Since the 1940s, national and local codes and standards have directed and mandated the use of emergency lighting in commercial buildings, industrial facilities and public spaces to protect people from injury or loss of life by fire, smoke or panic.
“Emergency lighting is generally required in places of employment, public spaces, or where large crowds gather, and is designed to provide occupants with a safe means of egress,” said Alex Ertz, director of operations for Bodine Emergency Lighting, Collierville, Tenn.
North America’s estimated market for emergency lighting systems is about $400 million. “However, market dollars have shrunk somewhat in the past two years due to both a declining economy and technological advancements, which have lowered the overall manufacturing costs of emergency lighting systems,” said Victor Sandhage, director of marketing for emergency systems at Lithonia Lighting.
Recent technological trends
Incorporating light-emitting diodes (LEDs) in red or green exit signs has been one of the most important technological advancements in emergency lighting. “Most exit signs in the industry now use this technology as it has become cost-competitive when compared to other traditional illumination sources, is long-lived, and is more energy efficient,” said Paul Brodowski, product manager for Lightolier. And, because of improved efficacy, white LEDs are now beginning to be bright enough to use for emergency-lighting applications such as pathway lighting, according to Ertz.
There has also been a recent increase in using self-diagnostic systems in emergency-lighting applications. These systems can perform a variety of self-diagnostic functions that regularly analyze the unit’s performance, verify its operation and alert the appropriate department of problems.
“This trend is being driven by facilities wanting ways to more easily comply with national requirements that 30-second operational tests of units are conducted each month,” said Brodowski.
Another technological trend has been the increased use of nickel metal hydride (NiMH) batteries for both pathway and exit-sign lighting.

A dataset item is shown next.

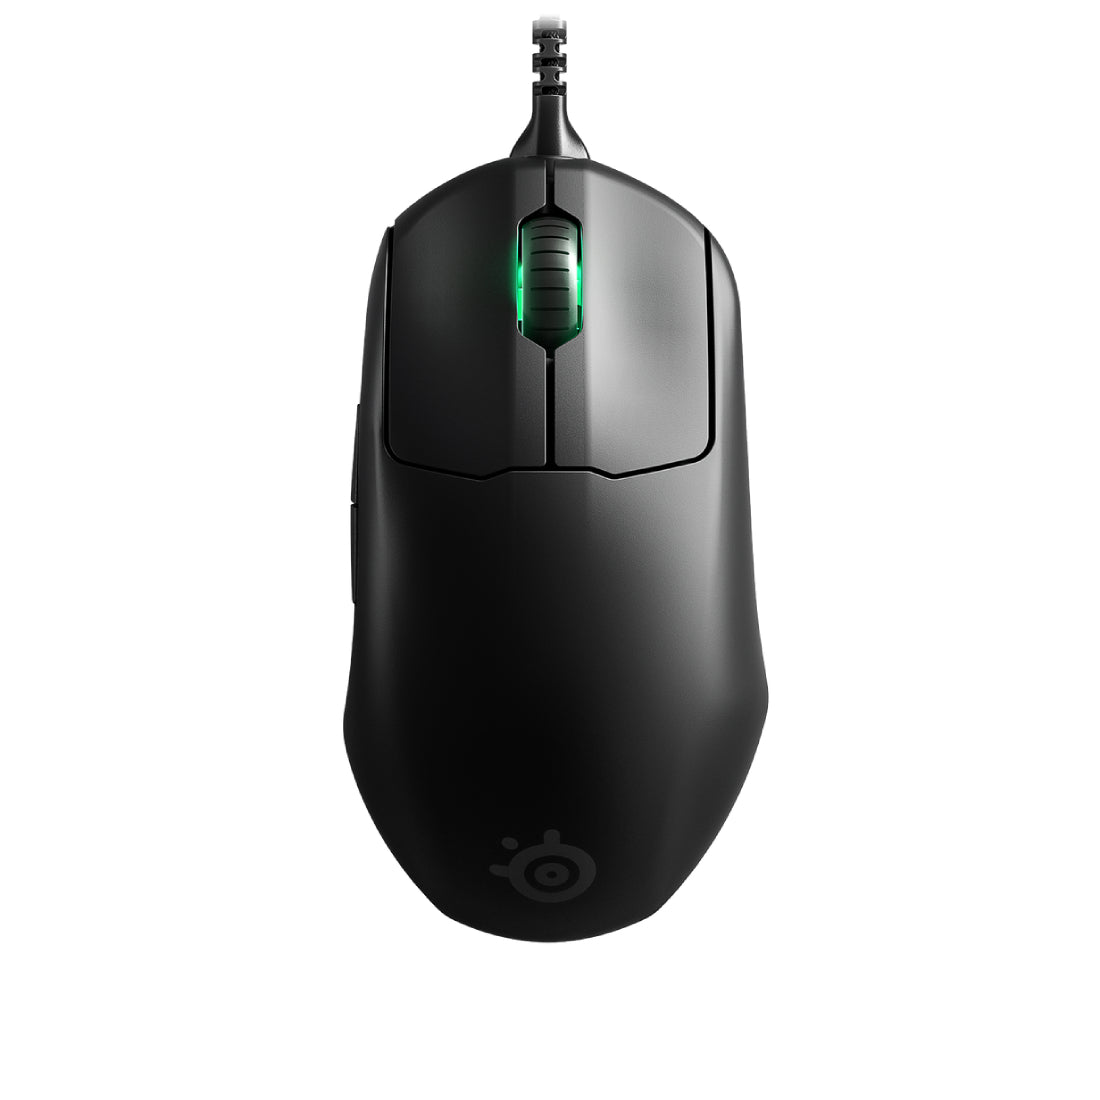 SteelSeries Prime Wired Optical Gaming Mouse w/ RGB Lighting - Black - فأرة - Store 974 | ستور ٩٧٤

NiMH, according to Brodowski, provides batteries with longer life, higher efficiencies and an operating temperature range between 14 and 113 degrees Fahrenheit. They are also nontoxic.
Codes and standards
“Some regions of the country are establishing more stringent codes than what the various national codes and standards specify,” said Sandhage. “The goal is to ensure the highest possible levels of lighting.” For example, some jurisdictions require emergency lighting provide illumination levels of one foot candle per unit as a minimum, rather than an average as outlined in the Life Safety Code. In addition, some jurisdictions have redefined the path of egress. “These standards are requiring emergency lighting to include not only the path to the exit sign and the point of egress itself, but the path to safety away from the space,” Sandhage said.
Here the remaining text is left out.